══ MATERIALS PROVIDED ══
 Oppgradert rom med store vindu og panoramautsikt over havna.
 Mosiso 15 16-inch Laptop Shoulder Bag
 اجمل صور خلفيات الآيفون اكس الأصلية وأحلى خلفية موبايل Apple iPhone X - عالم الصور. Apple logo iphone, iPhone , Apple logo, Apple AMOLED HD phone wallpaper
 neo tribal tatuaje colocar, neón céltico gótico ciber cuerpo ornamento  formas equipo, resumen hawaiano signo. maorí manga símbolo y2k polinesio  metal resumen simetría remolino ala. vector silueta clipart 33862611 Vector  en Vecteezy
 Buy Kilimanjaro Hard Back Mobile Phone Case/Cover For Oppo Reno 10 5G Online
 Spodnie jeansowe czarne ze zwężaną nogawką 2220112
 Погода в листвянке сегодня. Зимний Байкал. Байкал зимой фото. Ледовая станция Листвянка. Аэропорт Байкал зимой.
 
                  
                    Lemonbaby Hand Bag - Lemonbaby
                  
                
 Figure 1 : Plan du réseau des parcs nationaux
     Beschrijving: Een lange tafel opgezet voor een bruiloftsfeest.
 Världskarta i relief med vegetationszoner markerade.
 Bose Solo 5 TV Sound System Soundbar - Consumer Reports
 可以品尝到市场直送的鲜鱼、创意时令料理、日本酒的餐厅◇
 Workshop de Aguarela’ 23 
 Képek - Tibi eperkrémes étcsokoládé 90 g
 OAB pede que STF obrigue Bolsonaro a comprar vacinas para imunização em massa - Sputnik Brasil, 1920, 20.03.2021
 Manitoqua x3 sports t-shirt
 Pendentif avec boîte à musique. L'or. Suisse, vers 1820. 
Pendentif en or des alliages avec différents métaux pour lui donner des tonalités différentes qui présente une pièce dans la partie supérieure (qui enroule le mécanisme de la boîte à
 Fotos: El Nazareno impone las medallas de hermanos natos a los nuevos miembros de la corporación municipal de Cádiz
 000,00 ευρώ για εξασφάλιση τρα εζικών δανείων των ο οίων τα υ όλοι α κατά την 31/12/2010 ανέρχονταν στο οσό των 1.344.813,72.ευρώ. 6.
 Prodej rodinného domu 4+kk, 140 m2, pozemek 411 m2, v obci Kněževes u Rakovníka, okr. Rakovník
═══
- **YOUR TASK**: In the data above, repeat exactly each line from the first through the line that contains "Fotos: El Nazareno", and give nothing else.

- **FINAL ANSWER**:
 Oppgradert rom med store vindu og panoramautsikt over havna.
 Mosiso 15 16-inch Laptop Shoulder Bag
 اجمل صور خلفيات الآيفون اكس الأصلية وأحلى خلفية موبايل Apple iPhone X - عالم الصور. Apple logo iphone, iPhone , Apple logo, Apple AMOLED HD phone wallpaper
 neo tribal tatuaje colocar, neón céltico gótico ciber cuerpo ornamento  formas equipo, resumen hawaiano signo. maorí manga símbolo y2k polinesio  metal resumen simetría remolino ala. vector silueta clipart 33862611 Vector  en Vecteezy
 Buy Kilimanjaro Hard Back Mobile Phone Case/Cover For Oppo Reno 10 5G Online
 Spodnie jeansowe czarne ze zwężaną nogawką 2220112
 Погода в листвянке сегодня. Зимний Байкал. Байкал зимой фото. Ледовая станция Листвянка. Аэропорт Байкал зимой.
 
                  
                    Lemonbaby Hand Bag - Lemonbaby
                  
                
 Figure 1 : Plan du réseau des parcs nationaux
     Beschrijving: Een lange tafel opgezet voor een bruiloftsfeest.
 Världskarta i relief med vegetationszoner markerade.
 Bose Solo 5 TV Sound System Soundbar - Consumer Reports
 可以品尝到市场直送的鲜鱼、创意时令料理、日本酒的餐厅◇
 Workshop de Aguarela’ 23 
 Képek - Tibi eperkrémes étcsokoládé 90 g
 OAB pede que STF obrigue Bolsonaro a comprar vacinas para imunização em massa - Sputnik Brasil, 1920, 20.03.2021
 Manitoqua x3 sports t-shirt
 Pendentif avec boîte à musique. L'or. Suisse, vers 1820. 
Pendentif en or des alliages avec différents métaux pour lui donner des tonalités différentes qui présente une pièce dans la partie supérieure (qui enroule le mécanisme de la boîte à
 Fotos: El Nazareno impone las medallas de hermanos natos a los nuevos miembros de la corporación municipal de Cádiz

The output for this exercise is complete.